Cumulative Effect of Common Genetic Variants Predicts Incident Type2 Diabetes: A Study of 21,183 Subjects from Three Large Prospective Cohorts

Jingyun Yang and Jinying Zhao*

Department of Biostatistics and Epidemiology, University of Oklahoma Health Sciences Center, Oklahoma City, OK 73104

*Corresponding Author:
Dr. Jinying Zhao, MD, PhD
Department of Biostatistics and Epidemiology
College of Public Health
University of Oklahoma HSC
801 NE 13th Street
Oklahoma City, OK 73104
Tel: 405-271-2229
Fax: 405-271-2068
E-mail: [email protected]

Received date:September 26, 2011; Accepted date: November 05, 2011; Published date: November 16, 2011

Citation: Yang J, Zhao J (2011) Cumulative Effect of Common Genetic Variants Predicts Incident Type 2 Diabetes: A Study of 21,183 Subjects from Three Large Prospective Cohorts. Epidemiol 1:108. doi: 10.4172/2161-1165.1000108

Copyright: © 2011 Yang J, et al. This is an open-access article distributed under the terms of the Creative Commons Attribution License, which permits unrestricted use, distribution, and reproduction in any medium, provided the original author and source are credited.

Abstract

Recent genome-wide association studies (GWAS) and their meta-analyses have identified multiple genetic loci that are associated with type 2 diabetes (T2D). Except for variants in the TCF7L2 gene which had a modest effect on diabetic risk, most genetic variants identified so far have only a weak association with diabetes. It is possible that the combination of multiple variants may have a larger effect on disease risk and improve risk prediction.
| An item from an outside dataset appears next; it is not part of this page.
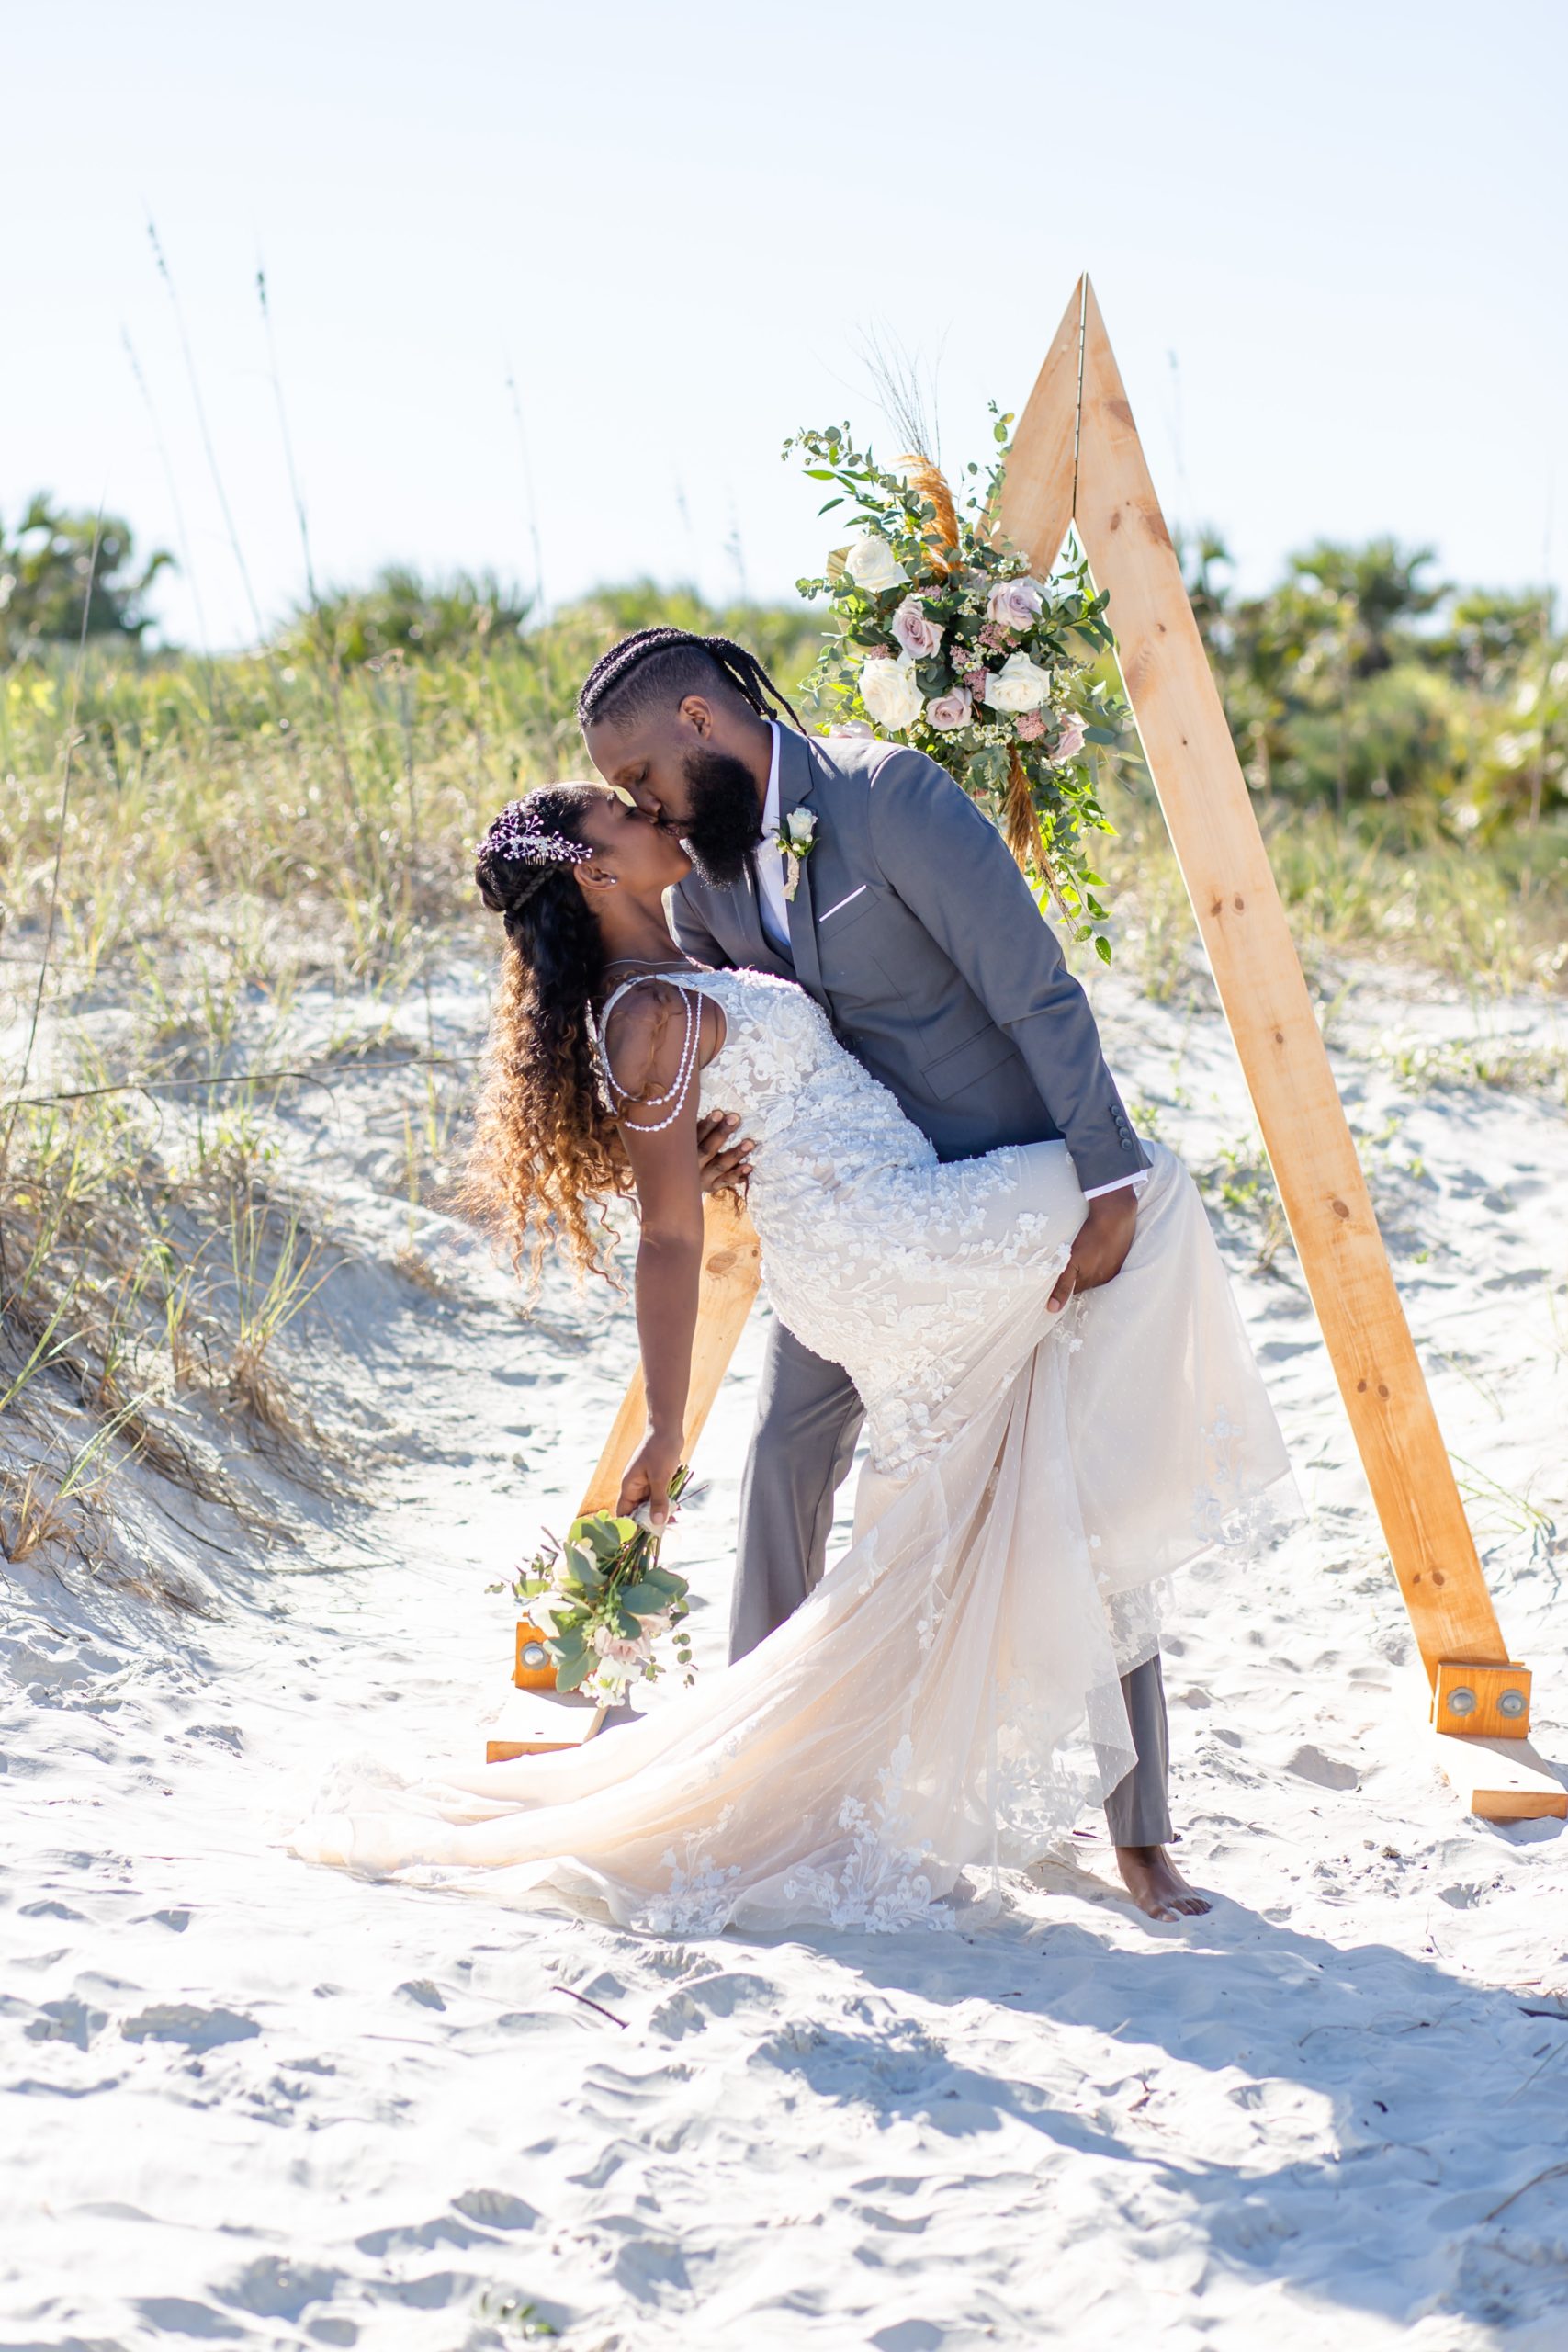 Bride & Groom kissing under wooden ceremony triangle arch with floral accents on the beach

In this study, we focus on SNPs that had been robustly replicated in previous GWAS and were also genotyped in a large sample of 21,183 participants from three large prospective cohorts, including Atherosclerosis Risk in Communities (ARIC) Study, Framingham Offspring Study (FOS) and Multi-Ethnic Study of Atherosclerosis (MESA). Among these, we were able to successfully confirm the associations of 12 SNPs with baseline prevalent T2D in these two cohorts. A genotype risk score (GRS) using these12 risk variants was constructed to examine whether GRS predicts incident diabetes. In a combined meta-analysis, subjects in the highest tertile of GRS had a 1.62-fold increased risk of incident T2D (95% CI, 1.08-2.44, P=1.5×10-14) compared to those in the lowest tertile of GRS after adjustment for age, sex, race, smoking, body mass index (BMI), lipids (HDL and LDL) and systolic blood pressure. Moreover, GRS significantly improves risk prediction and reclassification in T2D beyond known risk factors.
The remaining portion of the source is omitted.